Computes the log marginal likelihood of the current model. This value is used to optimize hyperparameters.

Returns:

The log marginal likelihood of the current model.

Return type:

log marginal likelihood (float)

predict(X)[source]

Applies the fitted GaussianProcessClassifier model to the input data, predicting the correct values.

Parameters:

X (torch.Tensor of shape (n_samples, n_features)) – The input data to be regressed.

Returns:

A tuple containing the posterior mean and posterior covariance. As the prediction, one should use the mean.

Return type:

mean, covariance (tuple[torch.Tensor of shape (n_samples,), torch.Tensor of shape (n_samples, n_samples))

Raises:
  • NotFittedError – If the GaussianProcessClassifier model has not been fitted before predicting.

  • TypeError – If the input matrix is not a PyTorch tensor.

  • ValueError – If the input matrix is not the correct shape.

predict_proba(X)[source]

Applies the fitted GaussianProcessClassifier model to the input data, predicting the probabilities of each class.

Parameters:

X (torch.Tensor of shape (n_samples, n_features)) – The input data to be regressed.

Returns:

The probabilities that the class belongs to class 1.

Return type:

probabilities (tuple[torch.Tensor of shape (n_samples,))

Raises:
  • NotFittedError – If the GaussianProcessClassifier model has not been fitted before predicting.

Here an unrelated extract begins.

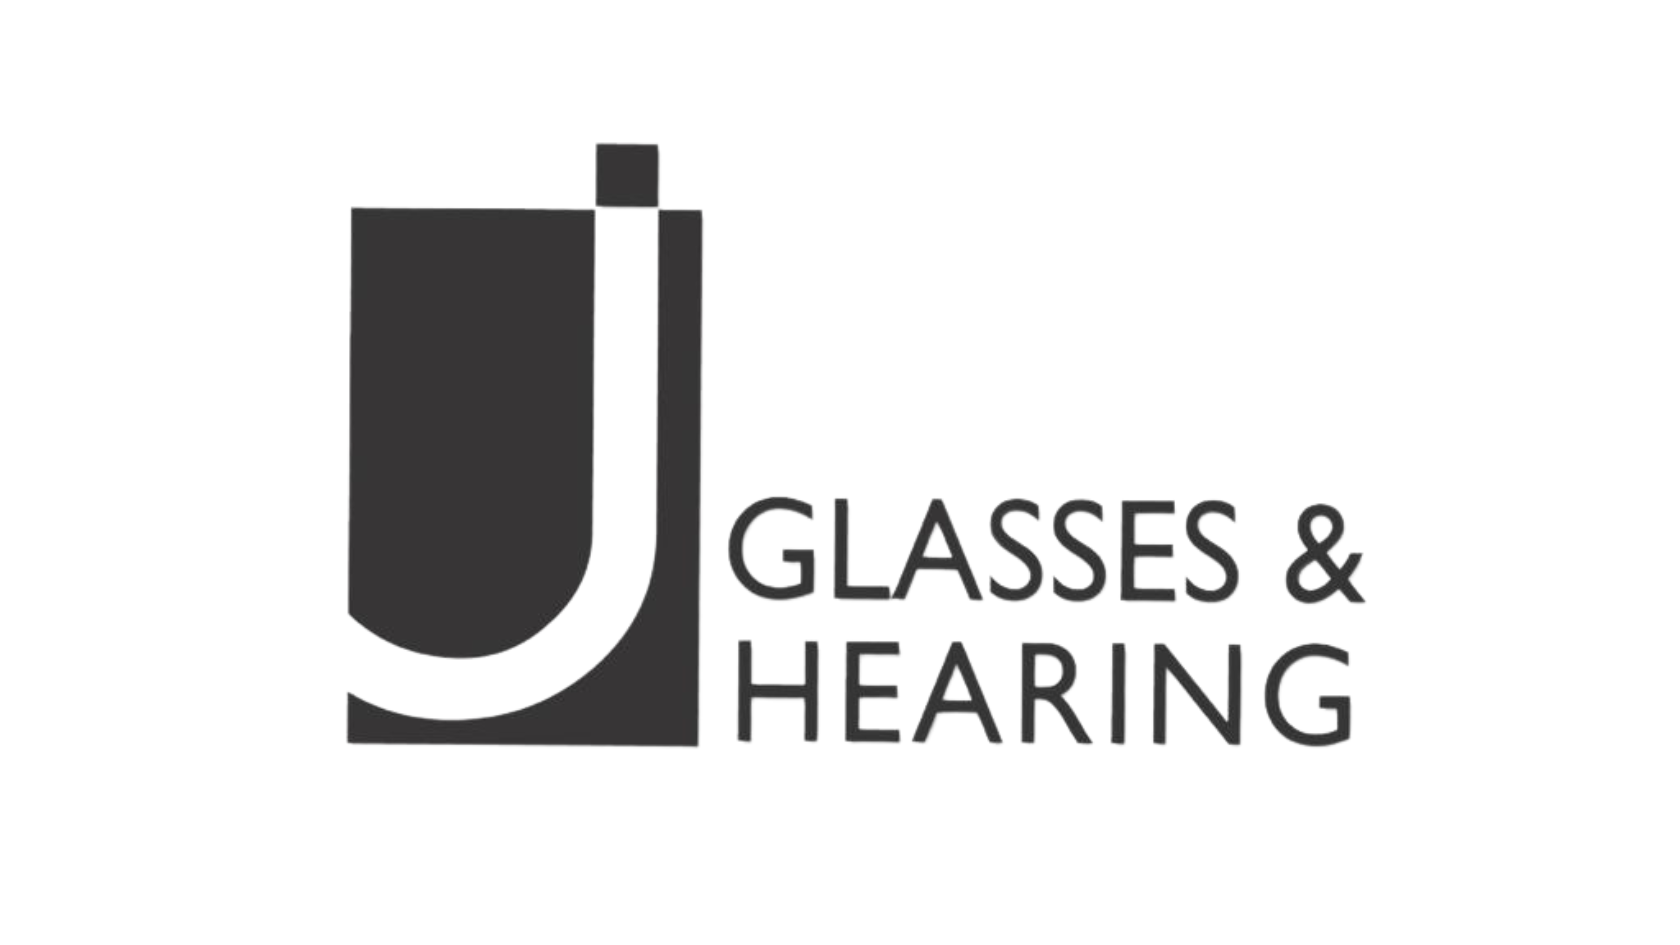 J Glasses & Hearing

  • TypeError – If the input matrix is not a PyTorch tensor.

  • ValueError – If the input matrix is not the correct shape.

train_kernel(epochs=10, optimiser=None, callback_frequency=1, verbose=False)[source]

Trains the current covariance function parameters by maximizing the log marginal likelihood.

Parameters:
  • epochs (int, optional) – The number of optimisation rounds. Must be a positive integer. Defaults to 10.

  • optimiser (Optimisers | None, optional) – The optimiser used for training the model. If None, the Adam optimiser is used.

  • callback_frequency (int, optional) – The number of iterations between printing info from training. Must be a positive integer. Defaults to 1, which means that every iteration, info is printed assuming verbose=True.

  • verbose (bool, optional) – If True, prints the log marginal likelihood of the model during training. Defaults to False.

Returns:

A dictionary tracking the evolution of the log marginal likelihood at intervals defined by callback_frequency. The tensor can be accessed with history[“log marginal likelihood”].

Return type:

history (dict[str, torch.Tensor], the tensor is floor(epochs / callback_frequency) long.)

Raises:
  • NotFittedError – If the GaussianProcessClassifier model has not been fitted before training the kernel.

  • TypeError – If the parameters are of wrong type.

  • ValueError – If epochs is not a positive integer.